Endovascular thrombectomy with or without intravenous thrombolysis in large-vessel ischemic stroke: A non-inferiority meta-analysis of 6 randomised controlled trials

Vascul Pharmacol. 2023 Jun:150:107177. doi: 10.1016/j.vph.2023.107177. Epub 2023 Apr 26.

Abstract

Background: It is unclear whether thrombectomy alone is non-inferior to thrombectomy with intravenous thrombolysis in patients with acute ischemic stroke due to large-vessel occlusion.

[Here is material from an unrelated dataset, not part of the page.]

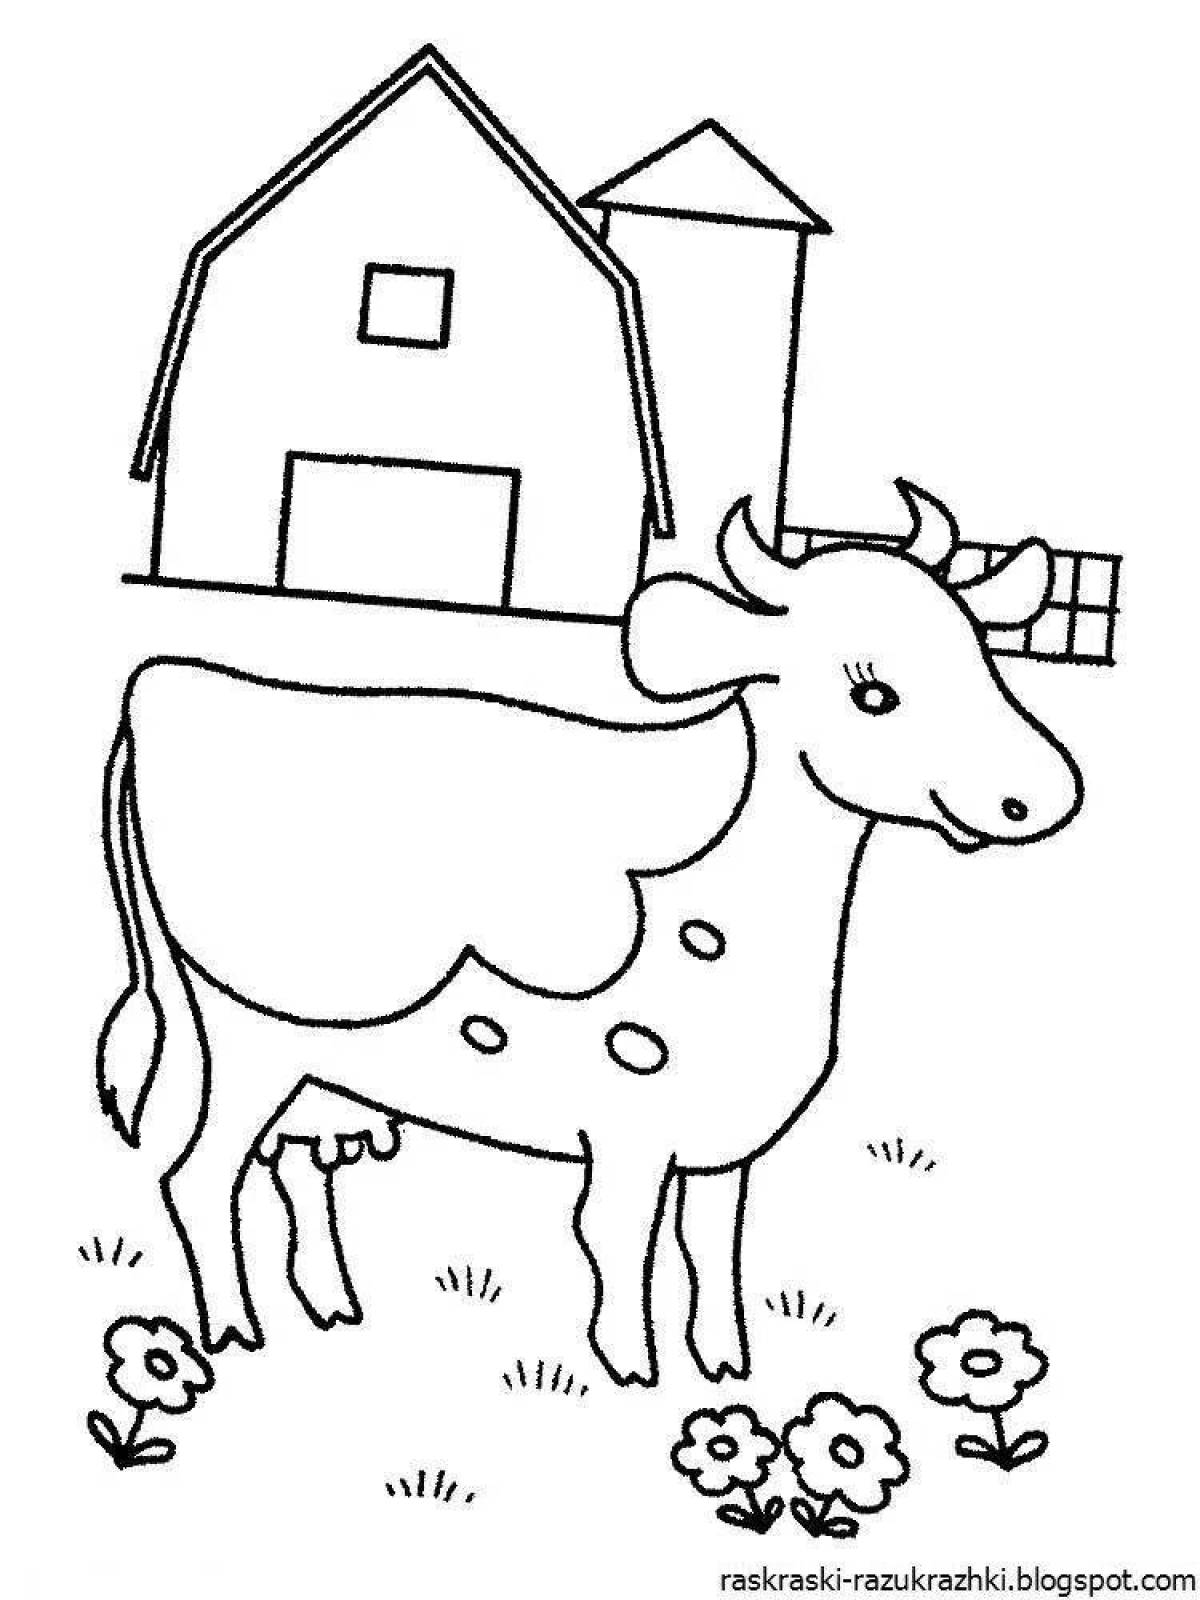 Coloring page happy village for kids

Purpose: To perform a comprehensive, trial-level data, non-inferiority meta-analysis of randomised controlled trials comparing endovascular thrombectomy with and without intravenous thrombolysis in patients with ischemic stroke due to large-vessel occlusion of anterior circulation.

Methods: The prespecified primary efficacy outcome was functional independence, defined as a modified Rankin scale (mRS)score of 0 to 2 at 90 days. The two prespecified non-inferiority margins were risk differences of -10% and - 5%. The study was registered in PROSPERO (CRD42022361110) and conducted according to PRISMA guidelines.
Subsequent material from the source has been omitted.